The research was approved by the Ethics Research Committee of the Federal University of Sao Paulo with protocol number 1556/10. Scientific papers were studied regarding our model and methodological approach for the period from January 2008 up until January 2011. The research was performed using databases: PubMed, EMBASE and LILACS. The main keywords used were "animal models, burns and rats". This was done in accordance with the DeCS/MeSH version and by also crossing information using the keyword "and".
By applying such norms and procedures, 221 papers were identified. In PubMed there were 159 articles under the quoted parameters. Of this total, however, excluded were: a) 11 articles considering esophagus burns, b) 12 articles dealing with burns to the eye, c) five relating to inhalation burn lesions, d) nine articles considering hemorrhagic shock, e) one article which used the pig as the experimental animal, f) 45 non-experimental studies resulting in selecting 76 articles for research.
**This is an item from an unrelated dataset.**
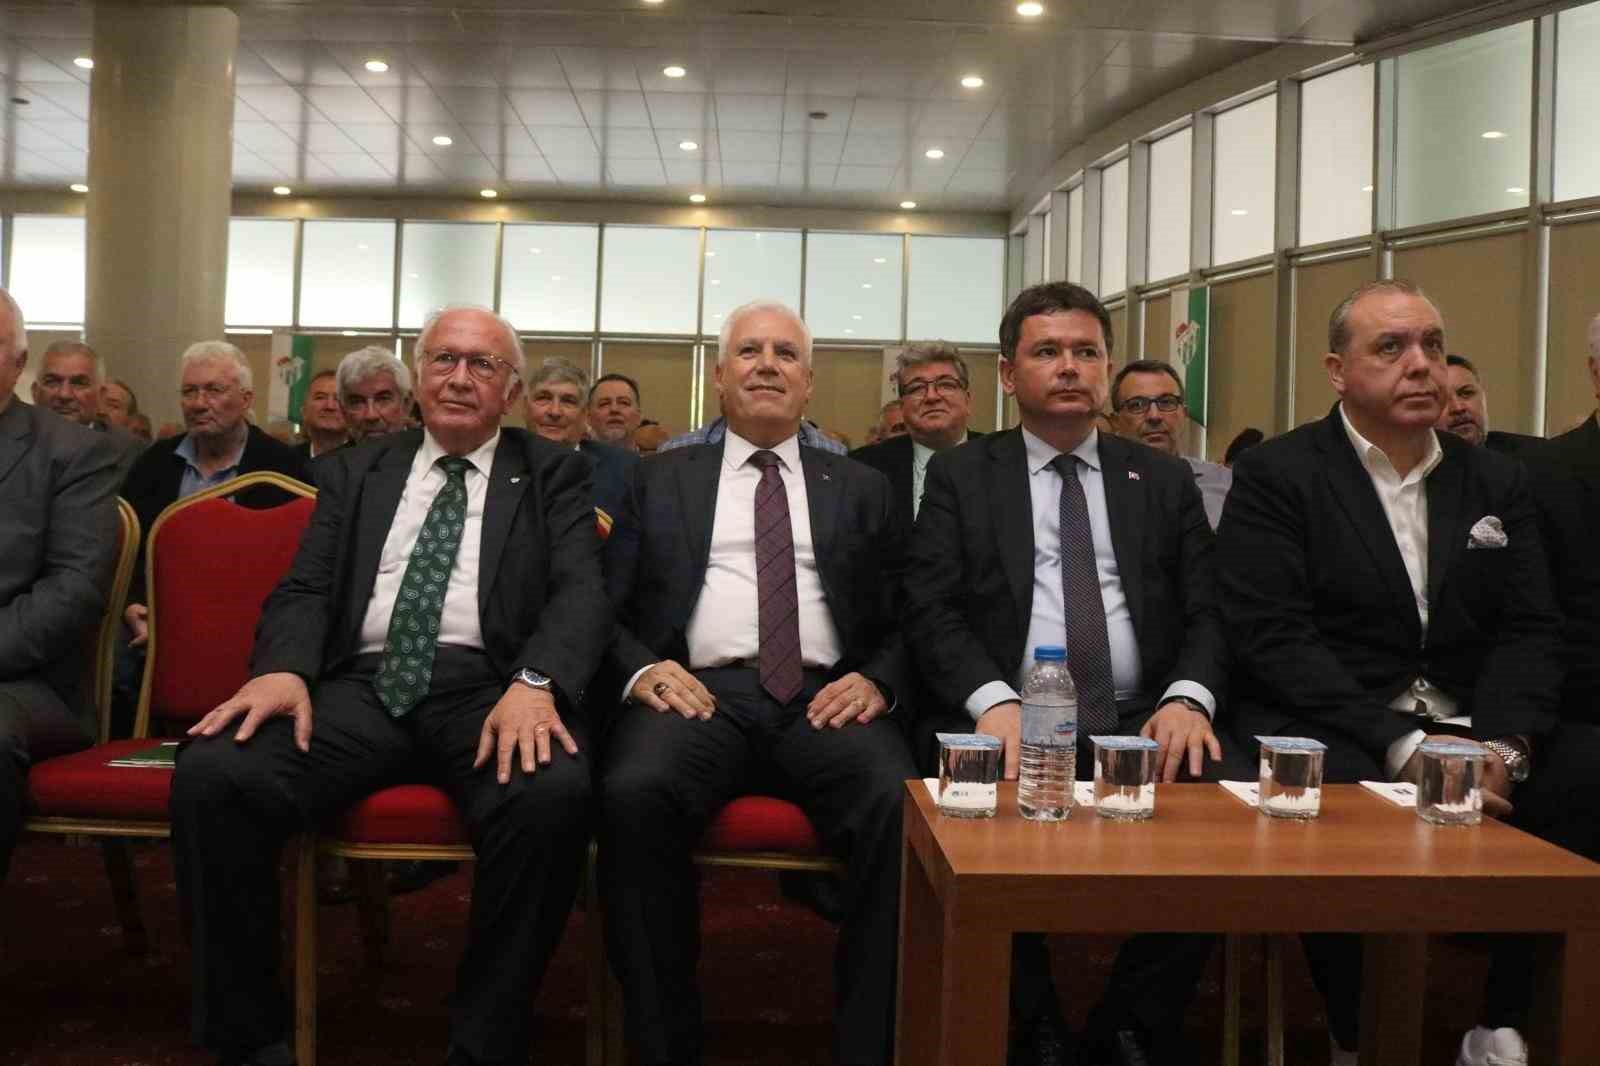 Bursa Büyükşehir Belediye Başkanı Mustafa Bozbey: “Bursaspor için sistem oluşturmalıyız”

Considering EMBASE, 60 studies were found. However, one was excluded due to esophagus burn, 15 were also excluded due to eye burns, another due to inhalation burn lesions, and another five were excluded as they were non-experimental studies, resulting in 38 cases being selected. Regarding LILACS, only two studies were encountered and none excluded. Finally, the research review was undertaken using 116 studies and all specifically dealing with rats as a model concerning skin burns.
The methodology used in these studies was very heterogeneous. As a result, it was not possible to determine all data regarding each of the studies. This was due to the absence of details in the methodology or in other sections of the text. Therefore, it was not possible to perform a complete statistical analysis of the data and the results presented are relative numbers.
The research was organized according to the methodology of how the burn could be produced on the rats' skin respecting extension and depth of burn, considering the causal agent of the burn, temperature and agent exposure time, parts of the body where the burns were located, specific local effects or systemic effects. Anesthetics used were also considered for determining research results, including the preparation of the area of the body, the laboratorial analysis and its techniques applied to the experiments, analgesia and fluid therapy during the post-op period, the use of antibiotics and the time interval following the burn up until commencement of the laboratorial analysis.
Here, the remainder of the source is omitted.